Part 5: Tenure of the Judges

The CJI and other Judges of the Supreme Court of India hold the office until they attain the age of 65 years { Presently, Supreme Court judges retire at 65 and High Court judges at 62}. A Judge can relinquish the office by addressing the resignation to President of India. A retired Judge of the Supreme Court is prohibited from practicing law before any court or authority within the territory of India; however, there is NO constitutional prohibition that a retired judge gets appointed for some specialized work of the Government.

Part 6: Removal of Supreme Court Judges

A Judge of the Supreme Court (and also High Court) can be removed from his position by President only on the ground of proved misbehaviour or incapacity. The power for investigation and proof of such misbehaviour or incapacity is vested in the parliament. Each house, in order to remove the judge, will have to pass a resolution which is supported by 2/3rd of members present and voting and majority of the total membership of the house {absolute + special majority}

Part 7: Salary of the Supreme Court Judges

The Constitution of India gives the power of deciding remuneration to the Parliament of India. Accordingly, such provisions have been laid down in The Supreme Court Judges (Salaries and Conditions of Service) Act, 1958. This remuneration was revised in 2006-2008, after the sixth central pay commission’s recommendation

The salary and pension of Supreme Court Judges is a Non-votable expenditure charged from the Consolidated Fund of India.  The Salary of the High Court Judges is charged from the Consolidated Fund of States while the pension of the High Court Judges is charged from the consolidated fund India.

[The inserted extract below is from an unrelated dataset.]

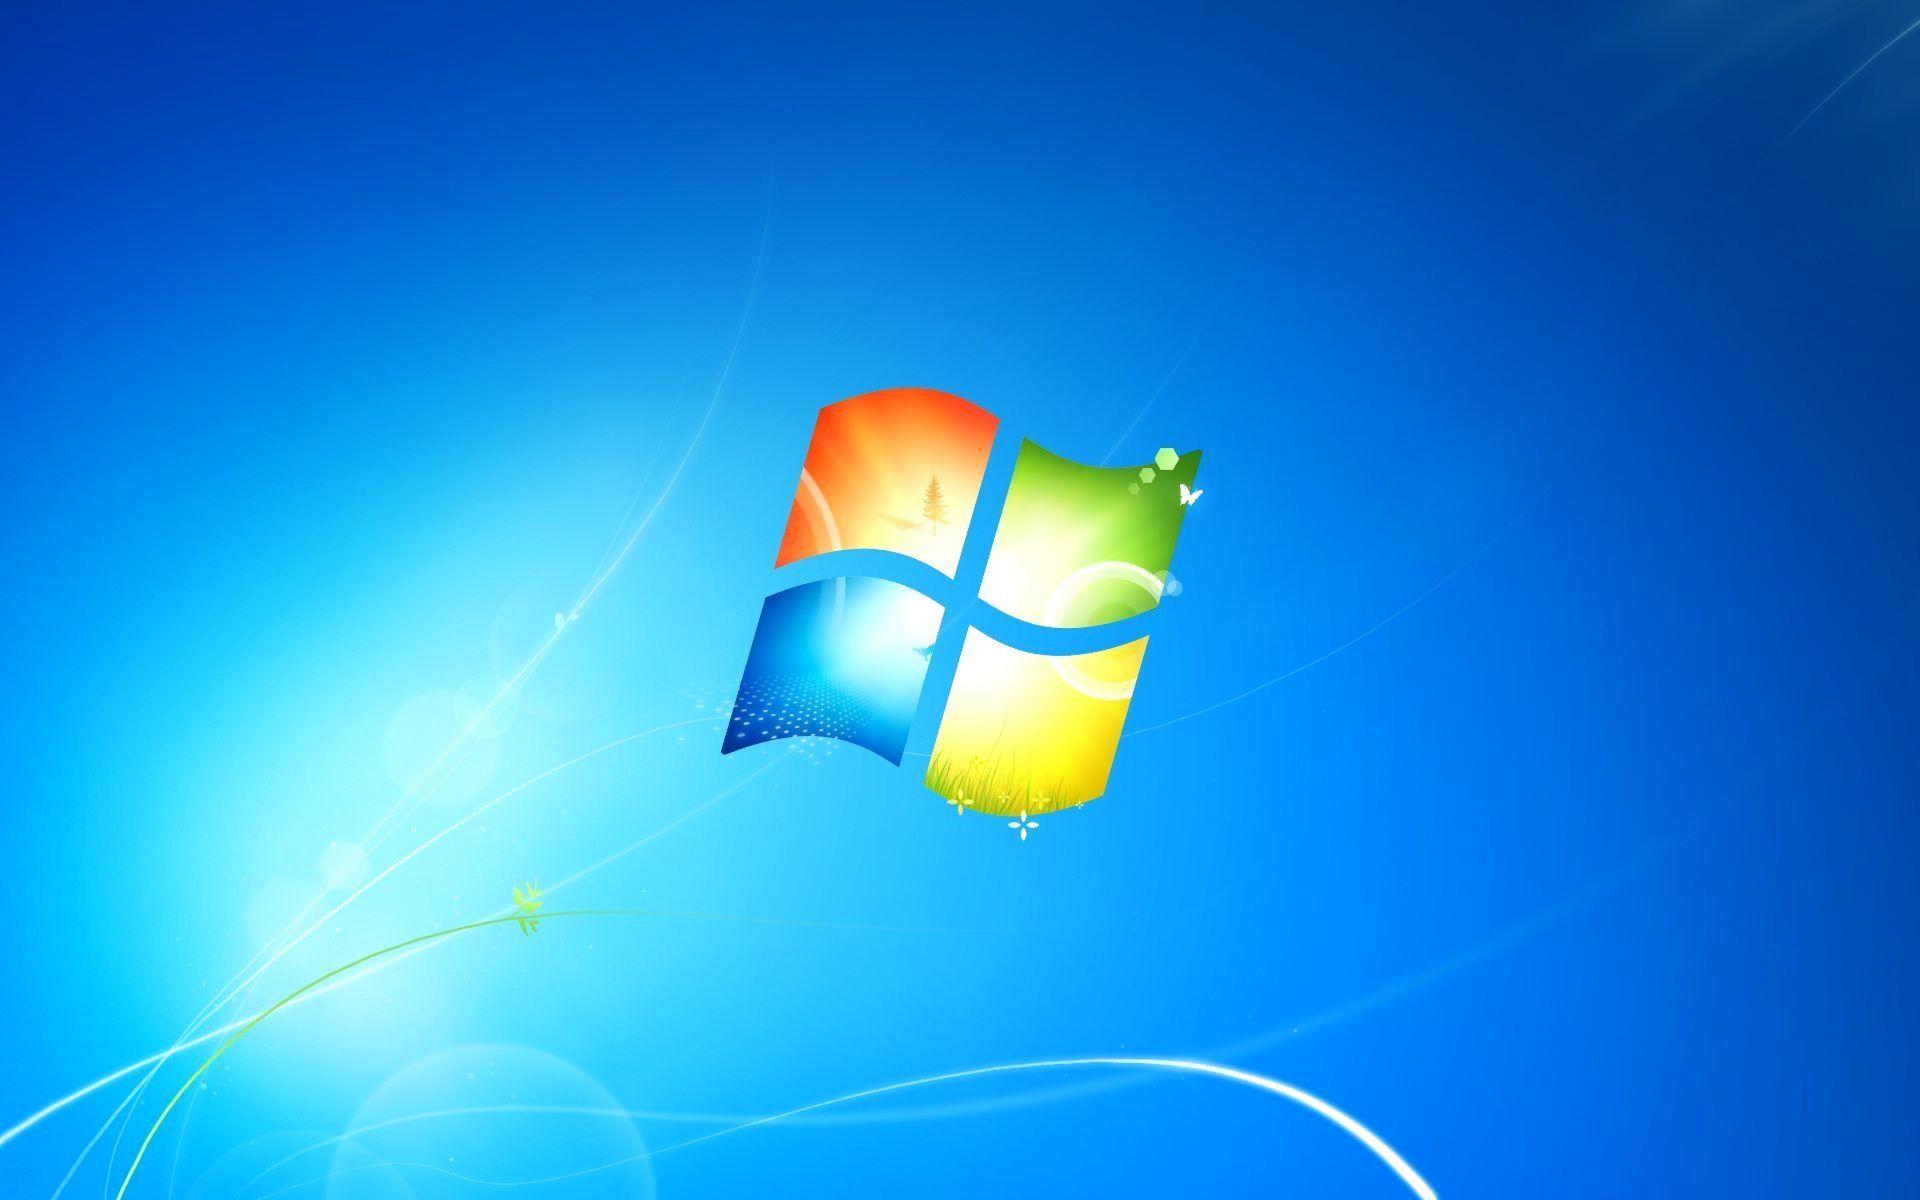 Wallpaper 4k Windows 7 Gallery Di 2020 Seni Kecantikan
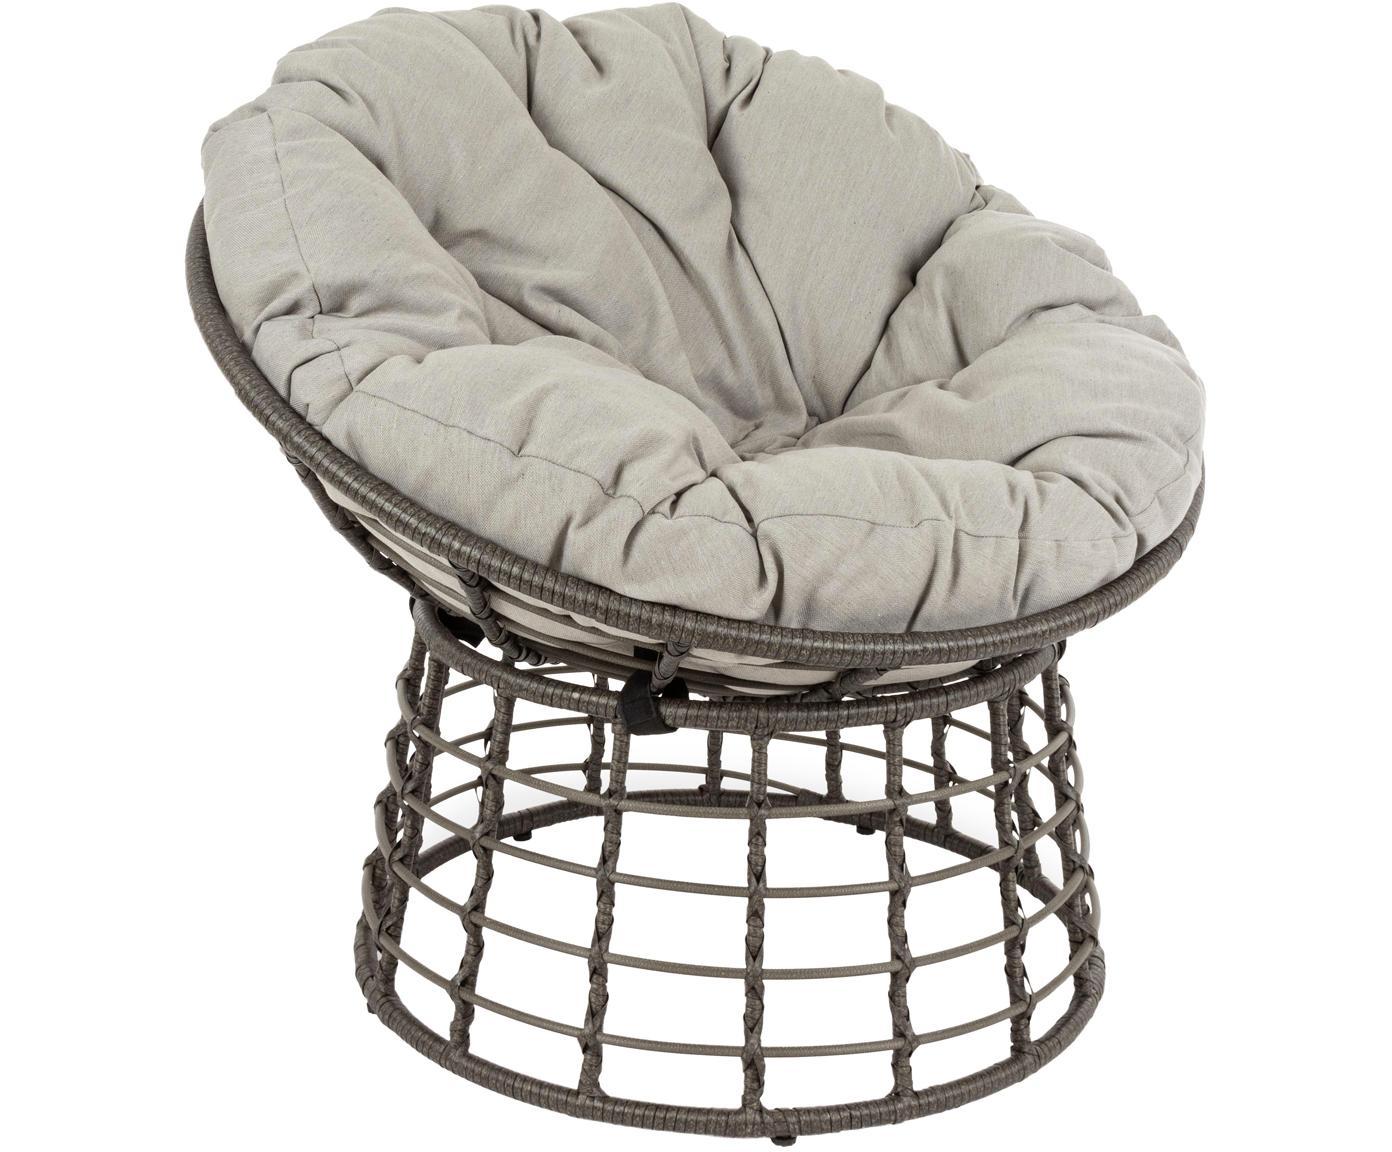 Fotel z tworzywa sztucznego z poduszką na siedzisko Molly, Stelaż: stal malowana proszkowo, Tapicerka: poliester, Szary, jasny szary, Ø 92 x W 78 cm

Part 8: When CJI is absent

Any other Judge of the Supreme Court is appointed by the President as Acting Chief justice as per provisions of Article 126.

Part 9: Post Retirement Jobs

Retired judges of Supreme Court are barred from pleading or acting in any court within the territory of India. However, government generally uses the retired higher judiciary judges as heads of various commissions. There has been a demand from certain sections of the society that there should be a “cool off” period of two years for the retired judges before they are installed in other offices.

Part 10: Ad Hoc Judges

Ad hoc judges can be appointed in the Supreme Court by “Chief Justice of India” with the prior consent of the President, if there is no quorum of judges available to hold and continue the session of the court. Only the persons who are qualified as to be appointed as Judge of the Supreme Court can be appointed as ad hoc judge of the Supreme Court. (Article 127). Further, as per provisions of the Article 128, Chief Justice of India, with the previous consent of the President, request a retired Judge of the Supreme Court High Court, who is duly qualified for appointment as a Judge of the Supreme Court, to sit and act as a Judge of the Supreme Court. The salary & allowance of such judge are decided by the president. The retired Judge who sits in such a session of the Supreme Court has all the jurisdiction, powers and privileges of the Judges BUT are NOT deemed to be a Judge.

Part 11: Supreme Court and High Courts as Court of Record

Both the Supreme Court and High Courts regarded as courts of record.  Supreme Court is a court of record as per provisions of Article 129 and has the powers of such a court including the power to punish for contempt of itself.

Part 12: Seat of Supreme Court

As per article 130, Seat of the Supreme Court is Delhi, but it can hold its meeting anywhere in India. The decision to hold a meeting anywhere in India is taken by the Chief Justice of India in consultation with President. There are no regional benches though the demand was made in past. The demand was turned down by the Supreme Court.